In the West, the sexual revolution was part of a wider movement of personal liberation and challenges to authority. In China, the post-Mao shift from procreation to recreation was driven not by The Beatles and Lady Chatterley, but by the Chinese Communist Party.
“After the Cultural Revolution, the government’s control [of people’s lives] started loosening, and at the same time the one-child policy meant people could have sex lives that weren’t for the purpose of giving birth. They could have sex for pleasure,” said Pan Suiming (潘綏銘) of Renmin University, one of the country’s leading experts on sex.

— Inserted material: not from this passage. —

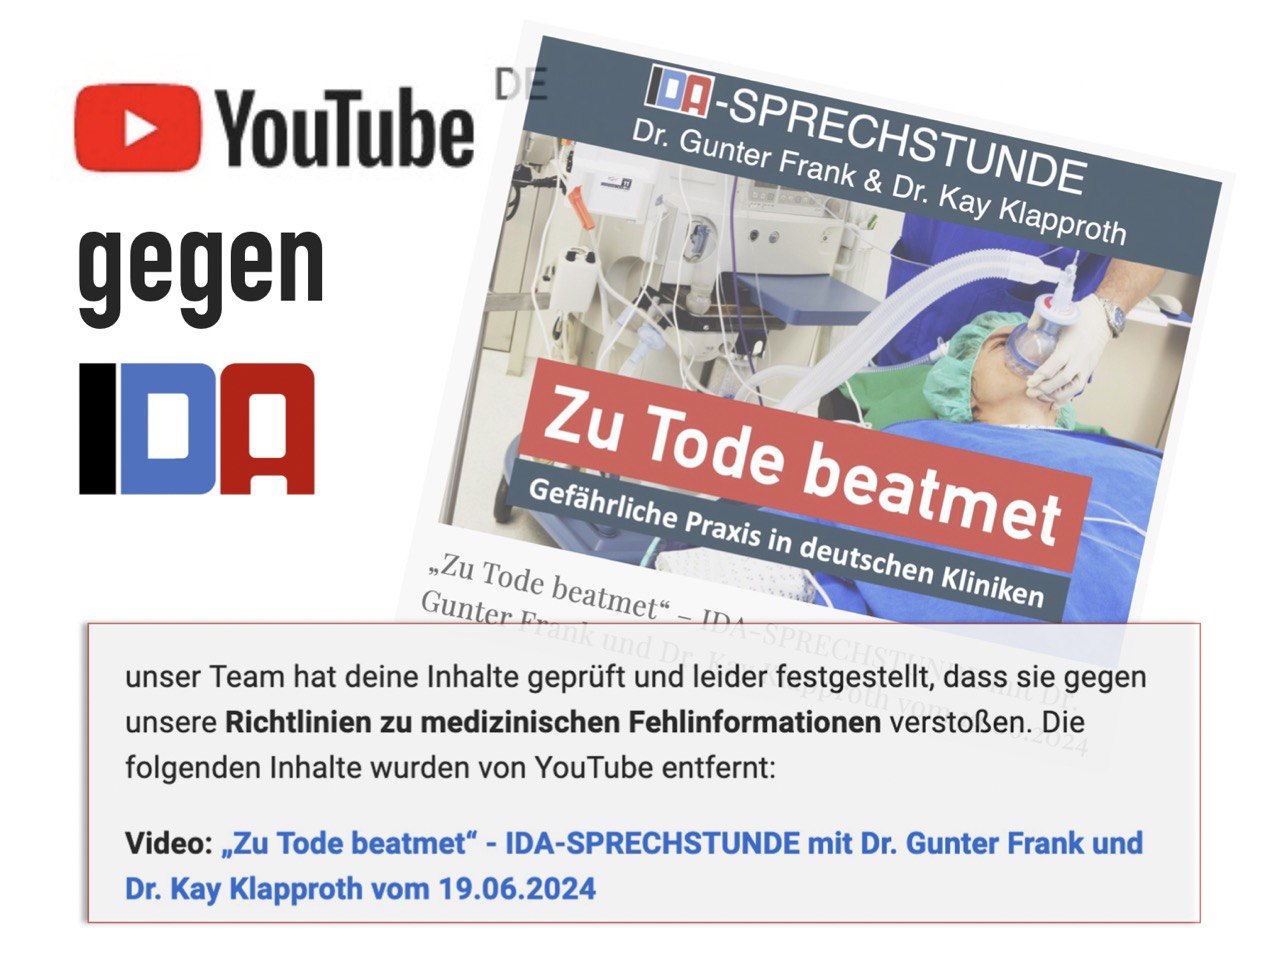 You are currently viewing YouTube gegen IDA! – Unser YouTube-Kanal wurde gesperrt

Li Yinhe (李銀河), another researcher, said: “In the past, women were not allowed to like sex — sex was only for giving birth to children, or for serving men. Now they can enjoy sex.”
When the magazine Popular Cinema (大眾電影) dared to print a romantic clinch in 1979, it sparked a national controversy. The publication of the kiss — a still from a Cinderella movie starring Richard Chamberlain — was “decadent, capitalist, an act meant to poison our youths,” complained an irate local propaganda official. However, thousands more picked up their pens to support the magazine.
However, puckering up has lost its subversive edge — even if the average age for a first kiss remained at 23 just a few years ago. These days premarital sex is very common and has spread to rural areas too, Pan said.
Even now, most assume that sexual relationships end in marriage. Half of the men he surveyed in 2007 had had only one sexual partner — and even younger and more experienced men have double standards, as a group of female students at the festival testify.
“There’s a long way to go. People do think a woman is a slut [if she has had multiple partners],” Emily Mai said.
“We have a right to choose premarital sex,” her friend Yee Bai added. “It’s freedom. We can’t stand to have only ‘pure, spiritual’ love.”
Sun Zhongxin (孫中欣) of Carnegie Mellon University and the University of Pittsburgh says the sexual revolution has benefited different sexes and sexualities to different degrees and that both men and women may face new pressures, feeling inadequate when faced with a single and sometimes more westernized standard of sexiness.
Tens of millions of men will not find wives or long-term partners at all, because of China’s “missing” women: Illegal sex-selective abortions have caused the gender ratio at birth to rise from the natural rate of 106 boys per 100 girls to 118 boys.
Many more men are migrant workers who may see their spouses once a year at best.
“They can use sexual toys to let their desire out. It’s better than going to have sex with prostitutes,” the event’s deputy director Zhu Jianming (朱建明) said.
However, as Sun points out, the sex industry is not just the fruit of changing attitudes; it has been aggressive in pushing “liberalisation.”
The results can be alarming. One stall in Guangzhou is advertising a sex doll designed to look like a very young girl. Zhu dismisses concerns: “It doesn’t encourage people ... You can’t criticize a sexual fantasy.”
He adds that he too worries that some people “have been influenced by western ideas about sex, are out of control and indulge themselves sexually.”
He insists the show is designed to encourage sexual morality and positive relationships, not just sexual knowledge.
Though the festival clearly caters primarily to straight men, there are several older couples browsing arm-in-arm. One husband and wife stop to listen attentively as a salesman demonstrates the different groans emitted by a selection of fake vaginas.
“In the past, when two people dated, they even had to keep their distance on the street,” said 25-year-old Li Bo, sheepishly clasping the sex toy he had just won in a prize draw. “Of course we wouldn’t want to go back to the old times.”